The Fifth Symphony was completed in 1939. As with all the last four symphonies it was only performed posthumously. With no chance of a performance in occupied Czechoslovakia Schulhoff strips down his material yet further. A first movement single theme is pushed to a climax, constantly repeated. A slow movement strangely reminiscent of Bliss' orchestral writing for strings at about this time leads to a driving, passionate scherzo and a finale of monumental variation form. A fugal section - in heavy boots - gathers itself in momentum and exploits subtle gradations to maximum effect. The last completed symphony, the Sixth, the "Freedom Symphony" was orchestrated in 1941. Here, finally, Schulhoff's many technical devices are allied to his transcendental belief in Beethoven and in his ultimate belief in liberty. Similar procedures are adhered to in the introduction - the familiar drum tattoos, brass motifs, four-note themes, fanfares, processionals. The polyphonic funeral march adagio never congeals into orchestral self-pity. Indeed it is one of the virtues of his now refined aesthetic that Schulhoff can maintain a harmonically elaborate movement allied to uplifting thematic material.

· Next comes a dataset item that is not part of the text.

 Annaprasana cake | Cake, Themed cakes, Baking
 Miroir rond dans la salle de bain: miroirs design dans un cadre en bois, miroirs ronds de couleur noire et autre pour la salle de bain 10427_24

The folk tinged third movement - a wispy light dance - is an affecting reminiscence of Schulhoff's past. Meanwhile the orchestra introduces the Choral finale and the chorus take up Adalbert von Chamisso's poem Slaves in an indomitable conclusion to the work.

This cycle of the symphonies is part of the complete Supraphon Schulhoff edition. It is entirely worthy of the undertaking. The Prague Radio Symphony Orchestra plays with technical excellence and security. The strings are appropriately lean, the brass magnificent; all sections of the orchestra respond to Schulhoff's insistent demands with great skill. Vladimir Valek conducts with superb control; some small matters of balance aside, and the lack of texts, this is an invaluable series of discs that reveal Schulhoff's struggles to accommodate belief with form and that shows his final triumph in the face of adversity, a triumph here shared by orchestra and conductor and by Supraphon itself.